The death penalty also targeted sexual offences such as sodomy. In the early history of Islam (7th–11th centuries), there is a number of "purported (but mutually inconsistent) reports" (athar) regarding the punishments of sodomy ordered by some of the early caliphs. Abu Bakr, the first caliph of the Rashidun Caliphate, apparently recommended toppling a wall on the culprit, or else burning him alive, while Ali ibn Abi Talib is said to have ordered death by stoning for one sodomite and had another thrown head-first from the top of the highest building in the town; according to Ibn Abbas, the latter punishment must be followed by stoning. Other medieval Muslim leaders, such as the Abbasid caliphs in Baghdad (most notably al-Mu'tadid), were often cruel in their punishments. In early modern England, the Buggery Act 1533 stipulated hanging as punishment for "buggery". James Pratt and John Smith were the last two Englishmen to be executed for sodomy in 1835. In 1636 the laws of Puritan governed Plymouth Colony included a sentence of death for sodomy and buggery. The Massachusetts Bay Colony followed in 1641. Throughout the 19th century, U.S. states repealed death sentences from their sodomy laws, with South Carolina being the last to do so in 1873.
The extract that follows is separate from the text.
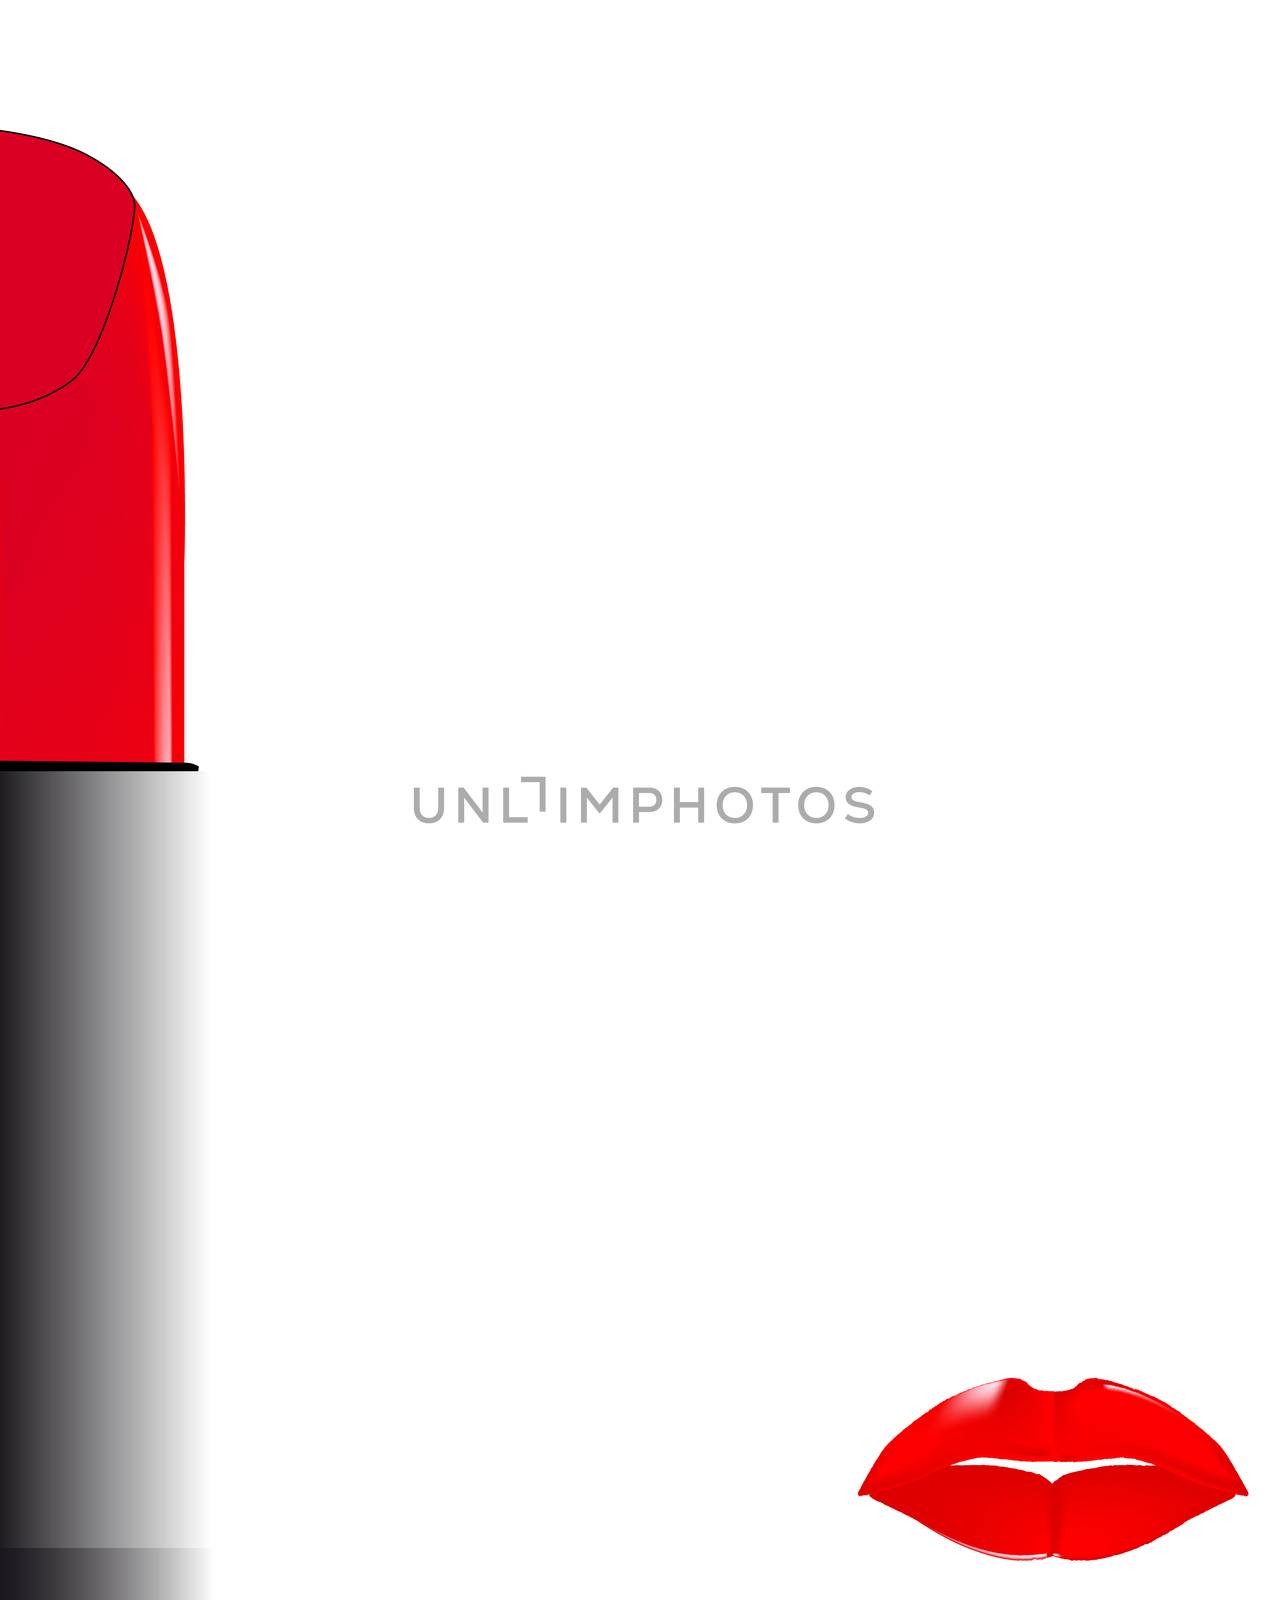 Lipstick by Bigalbaloo

Historians recognise that during the Early Middle Ages, the Christian populations living in the lands invaded by the Arab Muslim armies between the 7th and 10th centuries suffered religious discrimination, religious persecution, religious violence, and martyrdom multiple times at the hands of Arab Muslim officials and rulers. As People of the Book, Christians under Muslim rule were subjected to dhimmi status (along with Jews, Samaritans, Gnostics, Mandeans, and Zoroastrians), which was inferior to the status of Muslims. Christians and other religious minorities thus faced religious discrimination and religious persecution in that they were banned from proselytising (for Christians, it was forbidden to evangelise or spread Christianity) in the lands invaded by the Arab Muslims on pain of death, they were banned from bearing arms, undertaking certain professions, and were obligated to dress differently to distinguish themselves from Arabs. Under sharia, Non-Muslims were obligated to pay jizya and kharaj taxes, together with periodic heavy ransom levied upon Christian communities by Muslim rulers to fund military campaigns, all of which contributed a significant proportion of income to the Islamic states while conversely reducing many Christians to poverty, and these financial and social hardships forced many Christians to convert to Islam. Christians unable to pay these taxes were forced to surrender their children to Muslim rulers as payment, who would enslave them in Muslim households where they were forced to convert to Islam. Many Christian martyrs were executed under the Islamic death penalty for defending their Christian faith through dramatic acts of resistance such as refusing to convert to Islam, repudiation of the Islamic religion and subsequent reconversion to Christianity, and blasphemy towards Muslim beliefs.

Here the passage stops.